=== DATASET CONTENT ===

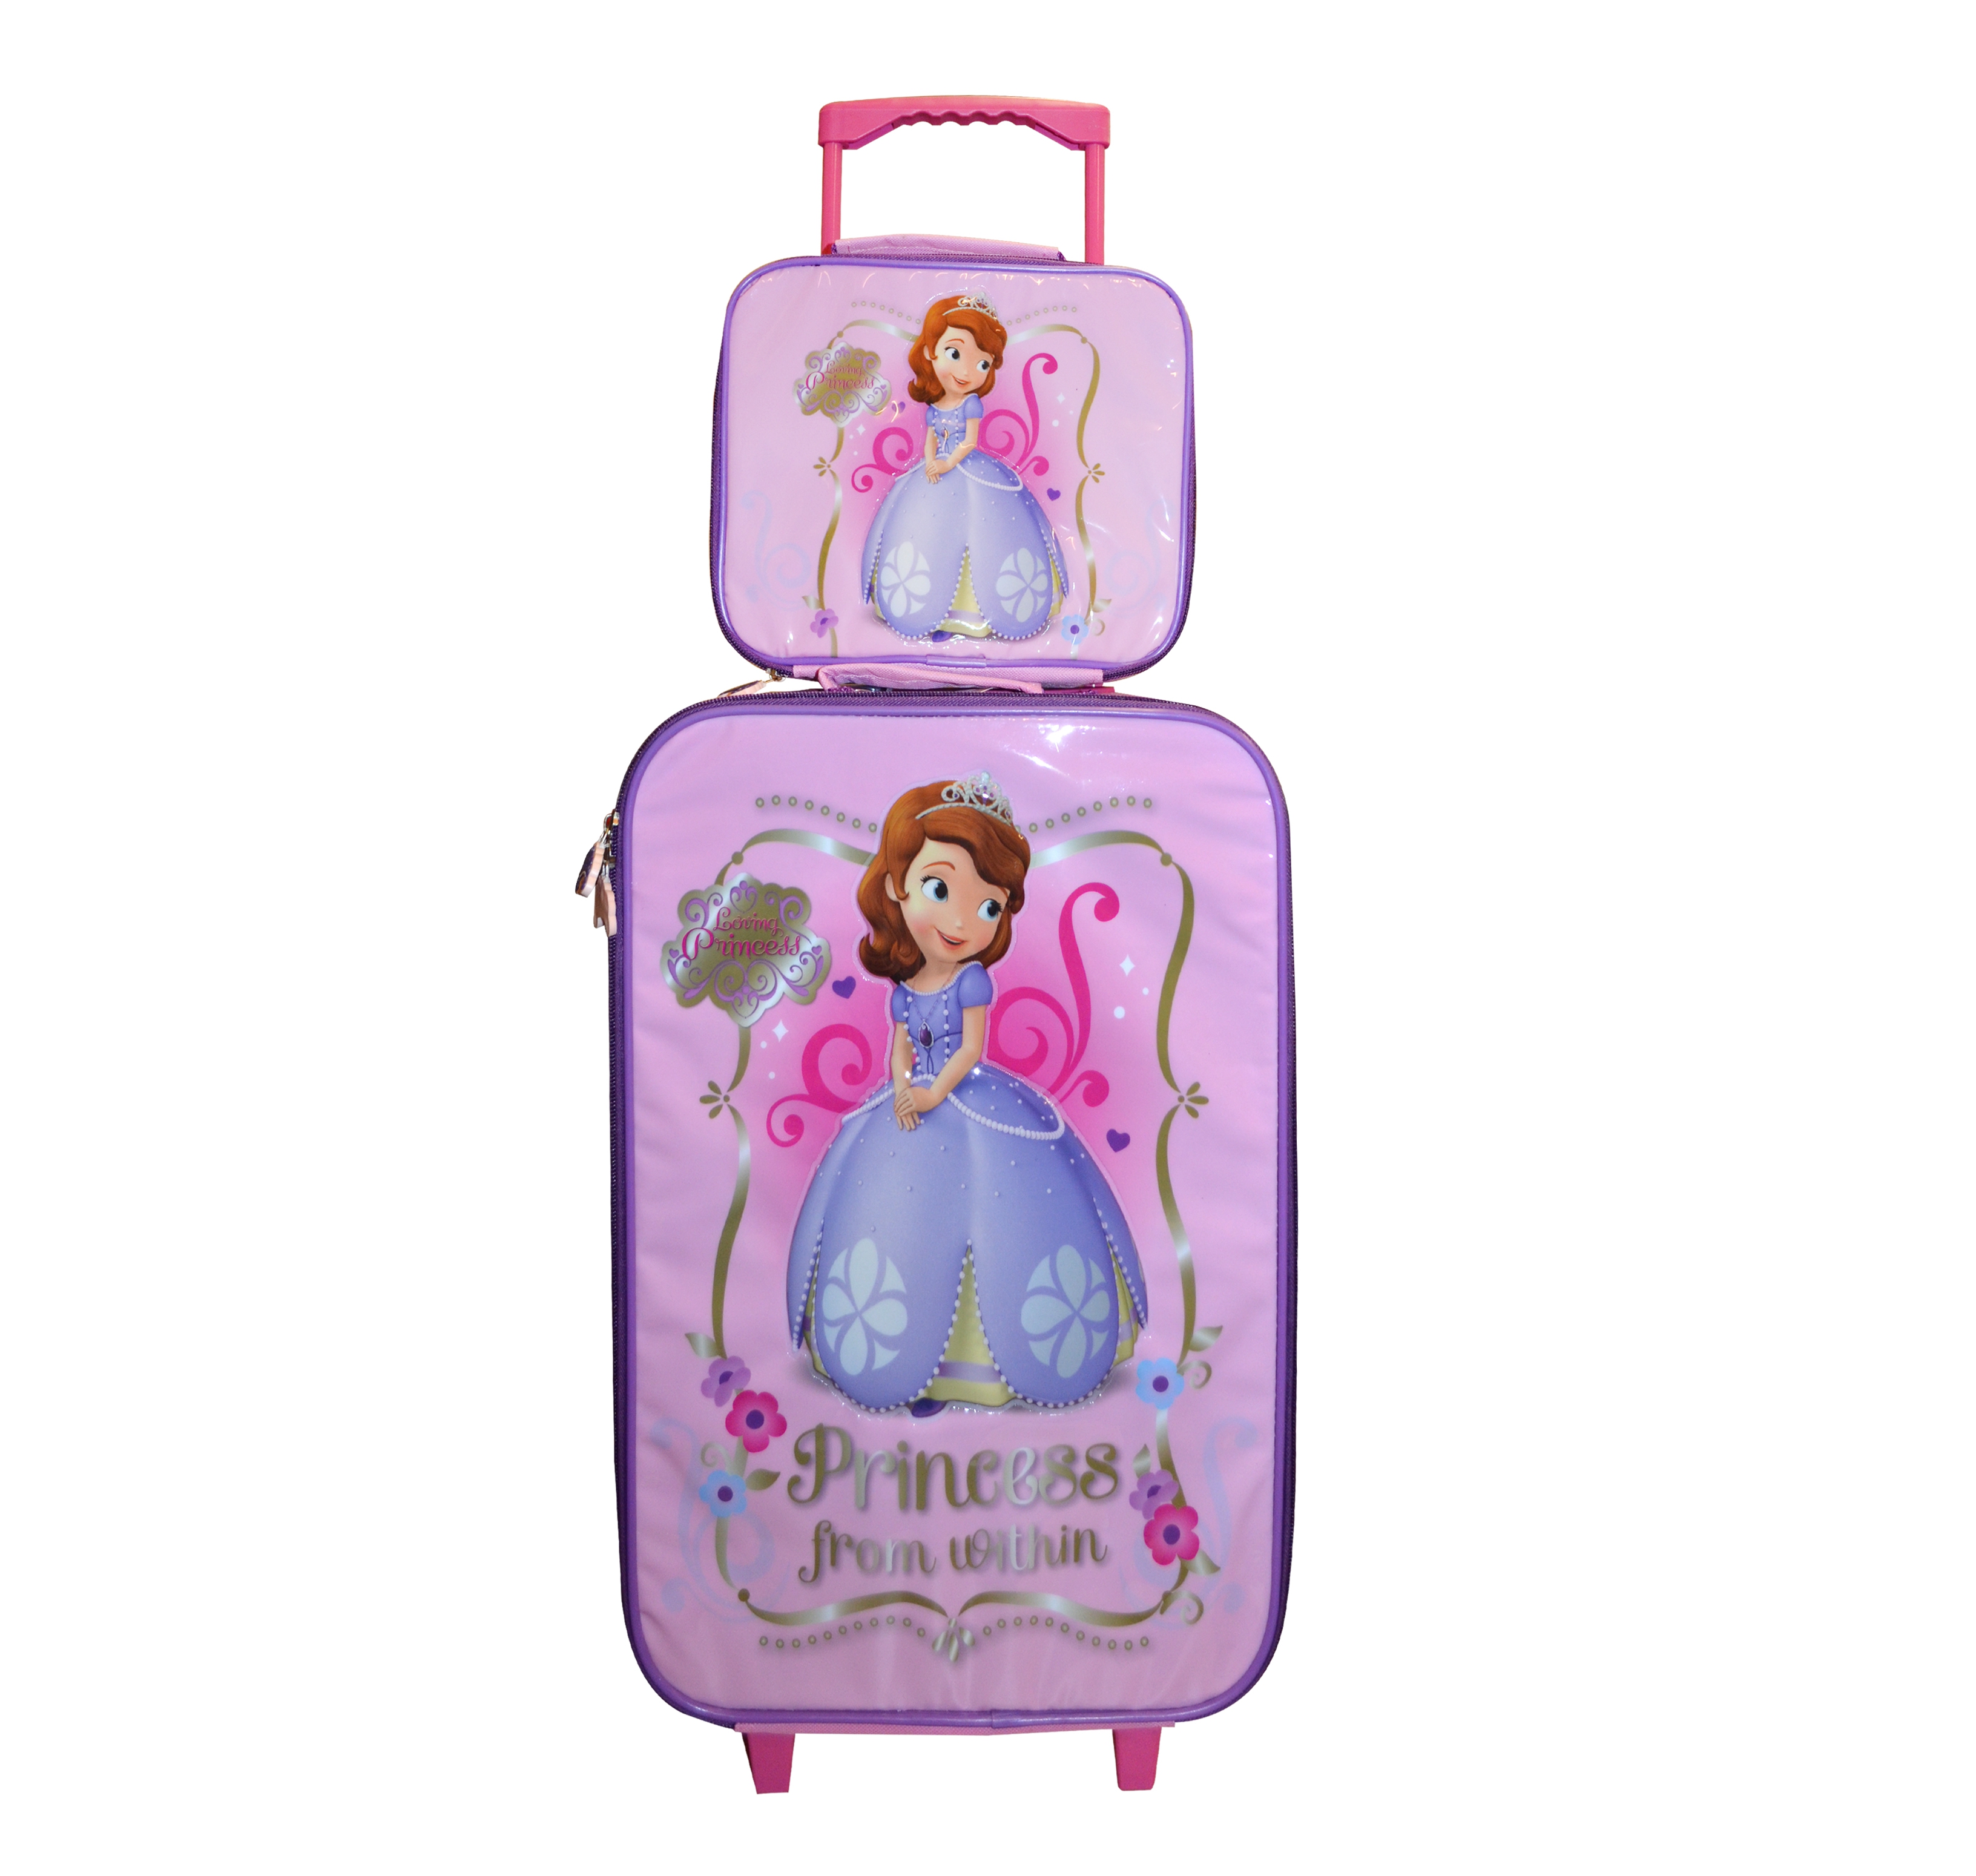 Disney 'Sofia The First' 2 Piece Suitcase with Lunch Bag Luggage Set
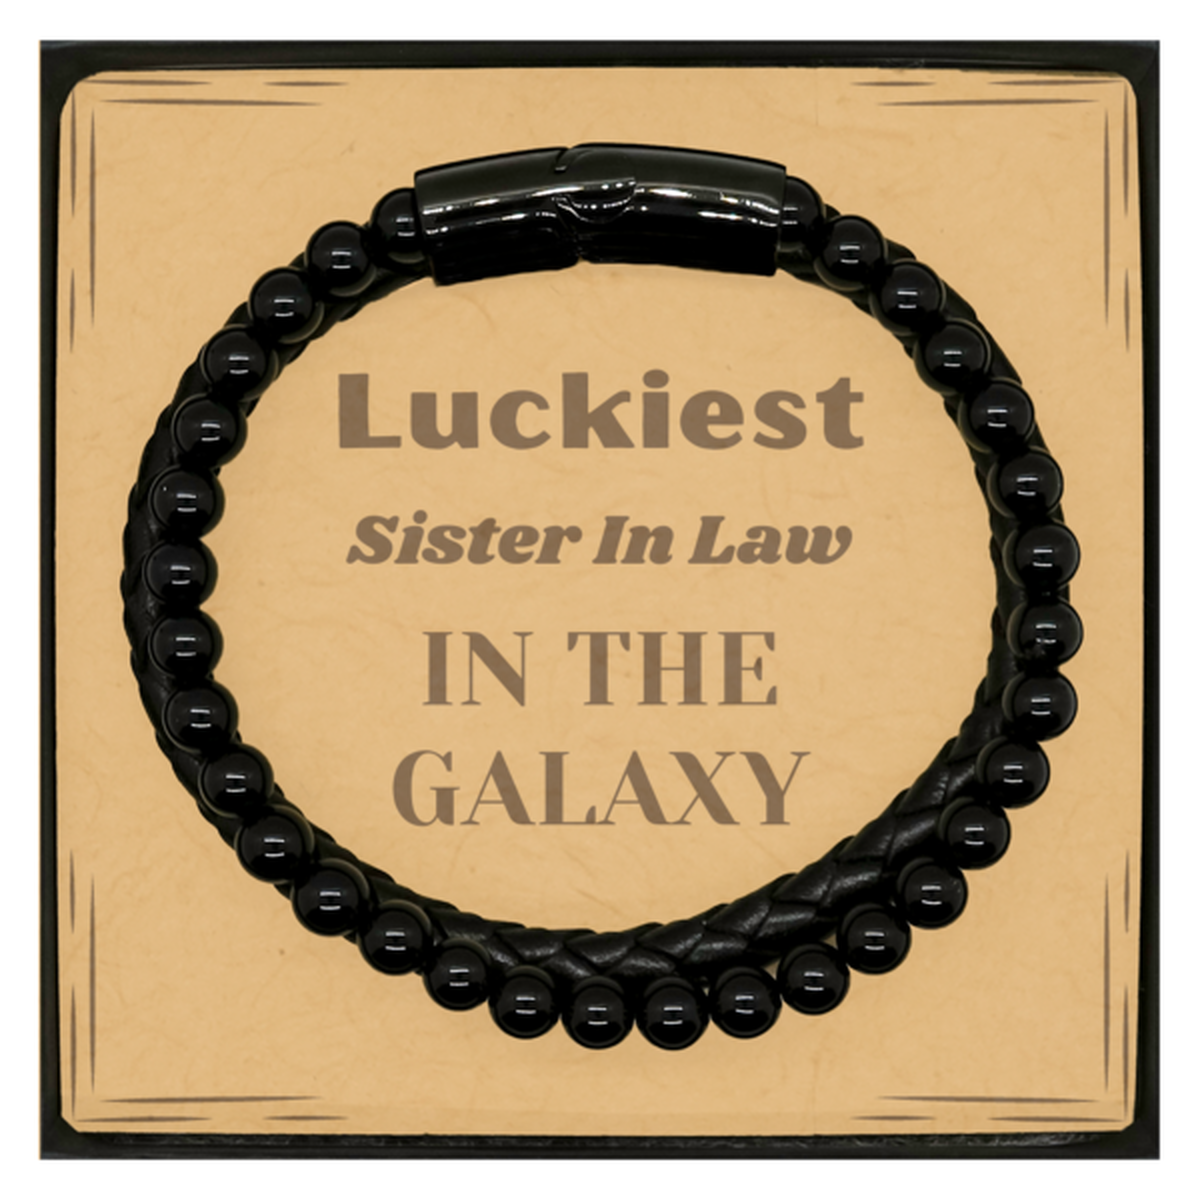 Luckiest Sister In Law in the Galaxy, To My Sister In Law Message Card Gifts, Christmas Sister In Law Stone Leather Bracelets Gifts, X-mas Birthday Unique Gifts For Sister In Law Men Women
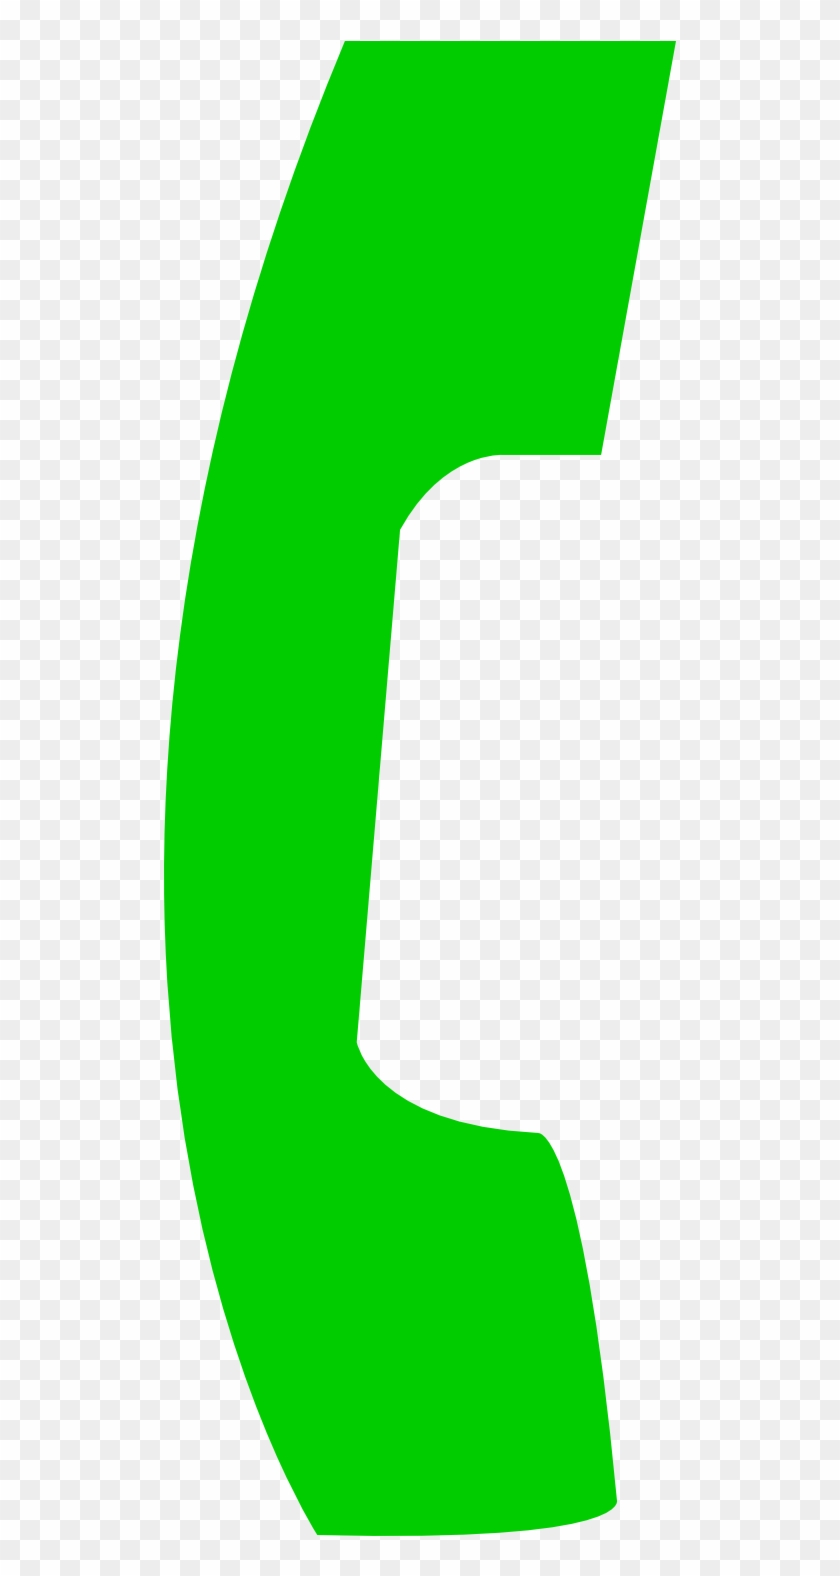 Clip Arts Related To - Green Call Phone Icon #802141
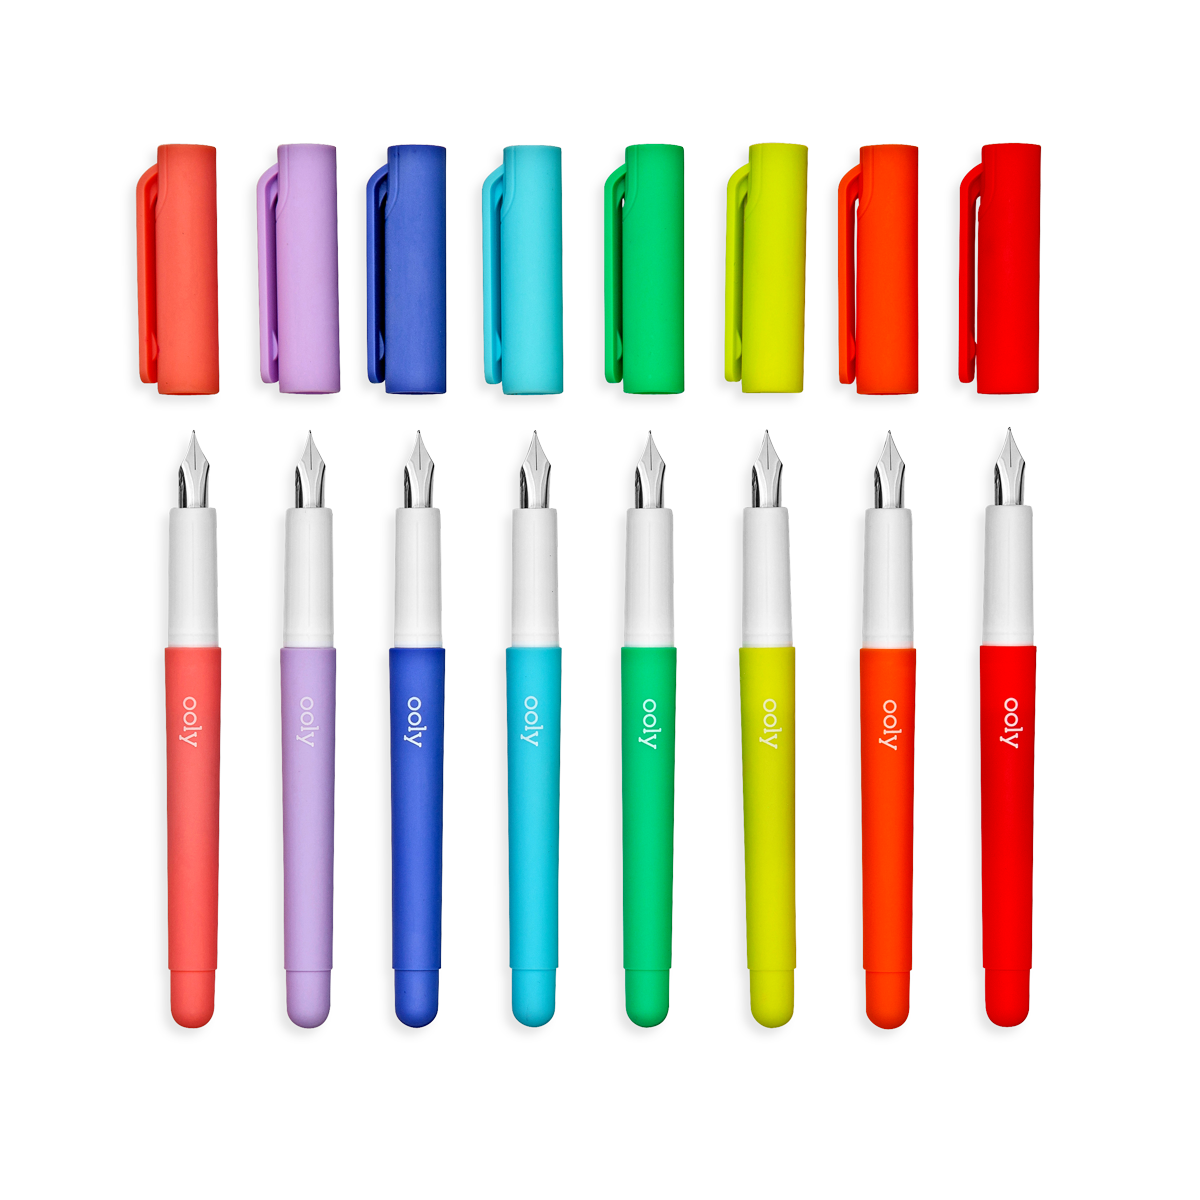 Color Write Fountain Pens set of 8 shown with their caps off to see the nibs

===

### TASK TO CARRY OUT:
From the line containing "Luckiest Sister In" down to the final line of the material above, reproduce each line exactly and include no images.

### RESULT:
 Luckiest Sister In Law in the Galaxy, To My Sister In Law Message Card Gifts, Christmas Sister In Law Stone Leather Bracelets Gifts, X-mas Birthday Unique Gifts For Sister In Law Men Women
 Clip Arts Related To - Green Call Phone Icon #802141
 Color Write Fountain Pens set of 8 shown with their caps off to see the nibs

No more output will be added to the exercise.